Actors Derrik Lewis and Barbara Rayliss rehearse for “Tapestry” with director Jenny Egan, (center).
Photo by Holly Parsons

“A Tapestry of Medieval Life” is a drama about medieval life complete with music of the time, compiled from period documents, directed by author Jenny Egan. The cast features well-known Idyllwild actors Scott Wilson, Derrik Lewis, Barbara Rayliss, Rena Lekach and Marilyn Beauchesne.

This production signals a debut of Voices – an Idyllwild Chamber Consort. Why Voices? “The word resounds on many levels. The human voice can speak, can sing, can murmur or cry out. Musical instruments also have voices. So do animals. So does the wind,” muses Egan.

“Tapestry” is an enlarged and revised version of the program premiered at the Metropolitan Museum of Art by the nonprofit Four Winds Theatre Inc., the first ongoing documentary theater in America. Written and directed by the Four Winds founder and artistic director Egan, the “Tapestry” cast included the distinguished Alexander Scourby and Broadway actress Elizabeth Parrish.

Hailed by the New York Times as “a new perspective on the arts,” the Four Winds productions employed dialogue taken exclusively from primary sources. “Voices from the period without modern interpolation speak eloquently to our troubled era. Sometimes, when we listen to voices of the past, we hear ourselves talking,” said Egan.

“Documentary theater is compilation. The choice was artistic,” said Egan. “Based on the premise that a play could form a plot with dialogue derived entirely from actual writings of individuals living during a period or who witnessed an event, one finds a coherent theme that presents cues to the essence of social experience; the material itself makes you understand,” Egan suggests.

Whether currents of the period reflected religion, superstition, music, art, romance or views of social mores, Four Winds’ portrayals of historical accounts during the American Revolution, the conquest of Mexico or enlightenment in England were based on direct accuracy. For instance, the troupes’ production on the topic of immigration due to relevance, was staged at the Statue of Liberty Museum in New York.

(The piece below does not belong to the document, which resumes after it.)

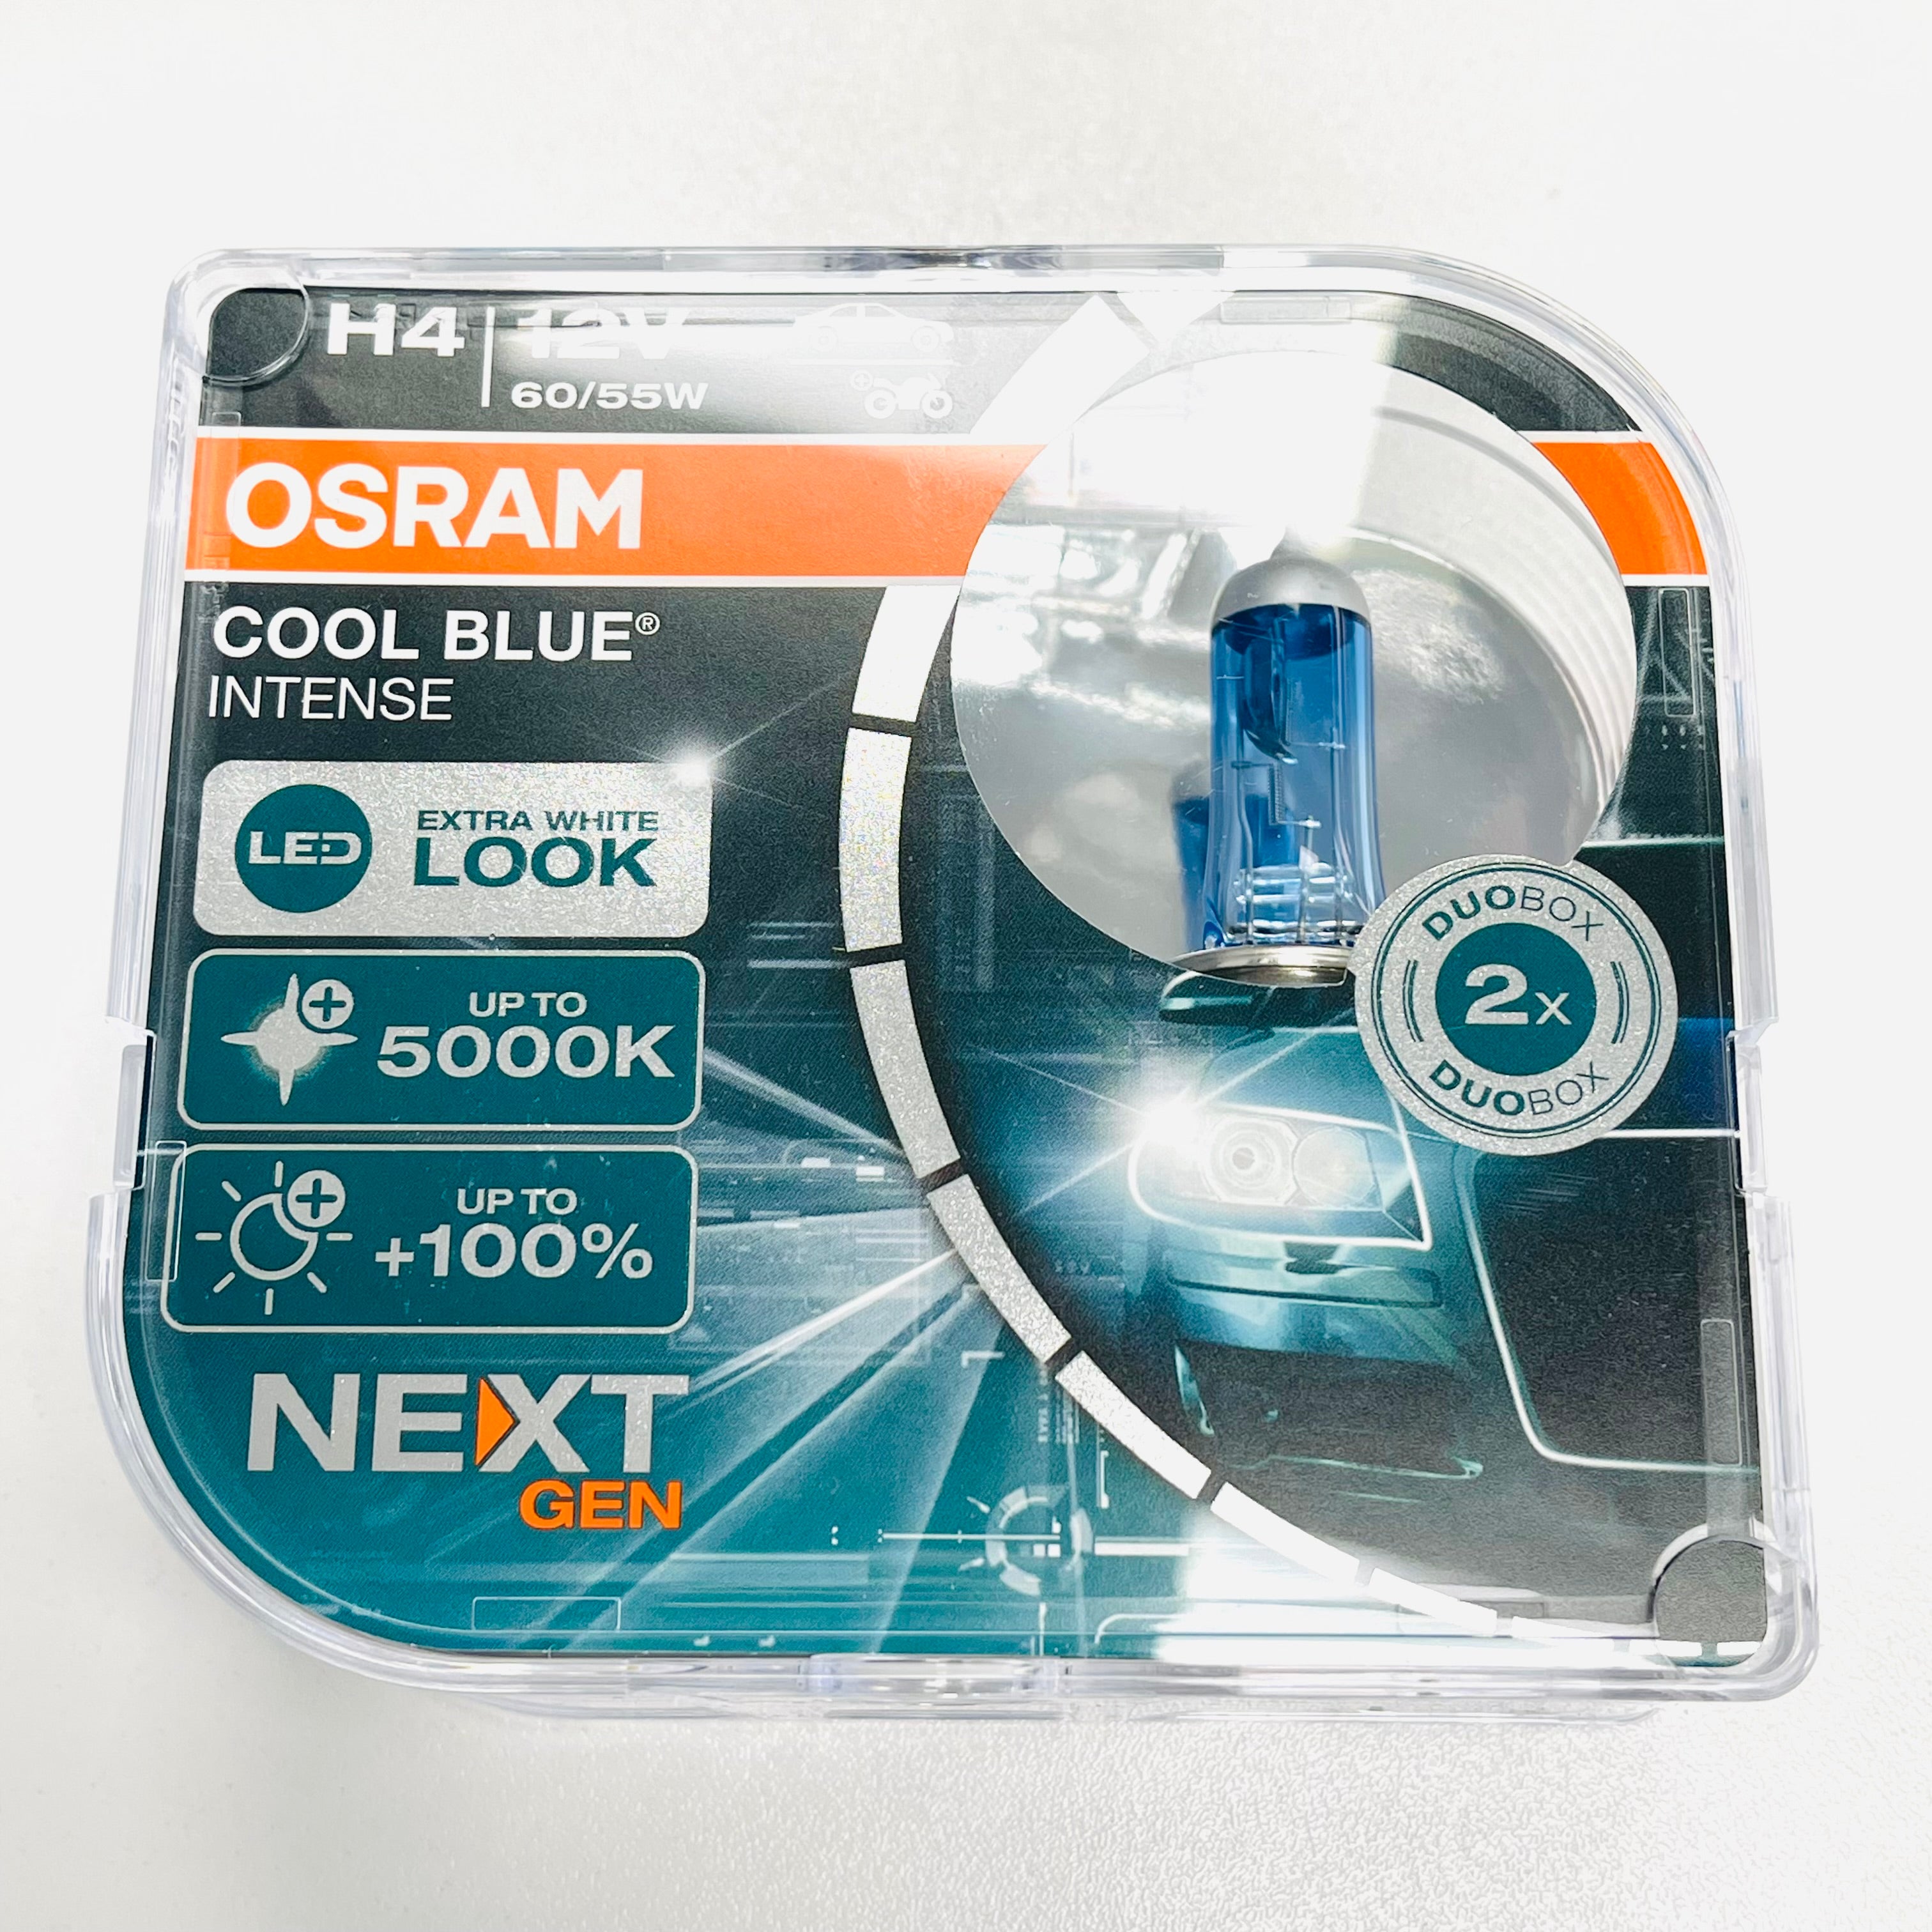 Osram halogen headlight lamps COOL BLUE INTENSE (NEXT GEN) H7

Egan is a relatively recent transplant from New Mexico. Her journey, heavily researched and preceded by extensive traveling to a multitude of California’s small towns, landed her unequivocally in Idyllwild. Artistic sensibility and a love of nature determined this was the place to continue her life-long contribution to the art of documentary theater and teaching.

Egan conceived of documentary theater as a genre as a young student of history and art in NYC. As founder and artistic director of Four Winds, Egan won the Clarence Derwent Award for her debut on Broadway as Mary Warren in “The Crucible.” She created roles in the American premieres of plays by Albee, Arrabal and Ionesco, and was a frequent performer on television and in film.

She’s a recipient of two Ford Foundation grants to be assistant director of the New York Shakespeare Festival and the Lincoln Center Repertory Company. Egan has authored and produced more than 15 documentaries; she holds a doctorate in Humanities from New York University where she taught. Recently, she was honored with a Distinguished Alumna Citation from Grinnell College for her work in documentary dramas.

  Author of five theater-related texts, including “A Space in Time,” 2011 Lumina Press, Egan provides succinct guidance for documentary theater creation.

“It’s my impression that Idyllwild is ripe for developing its theater activity and would benefit from a teaching center. In order to produce and maintain quality theater productions, directors benefit when actors with homogenous training achieve congruency by employing similar techniques. It’s a weighty consideration,” said Egan.

“Tapestry” stages fireside, Tuesday evening, April 24, at the Idyllwild Library. Admission is free. A tech and dress rehearsal, open to the public, will begin at 3 p.m. The performance begins at 6 p.m.

Friends of the Idyllwild Library sponsors the event.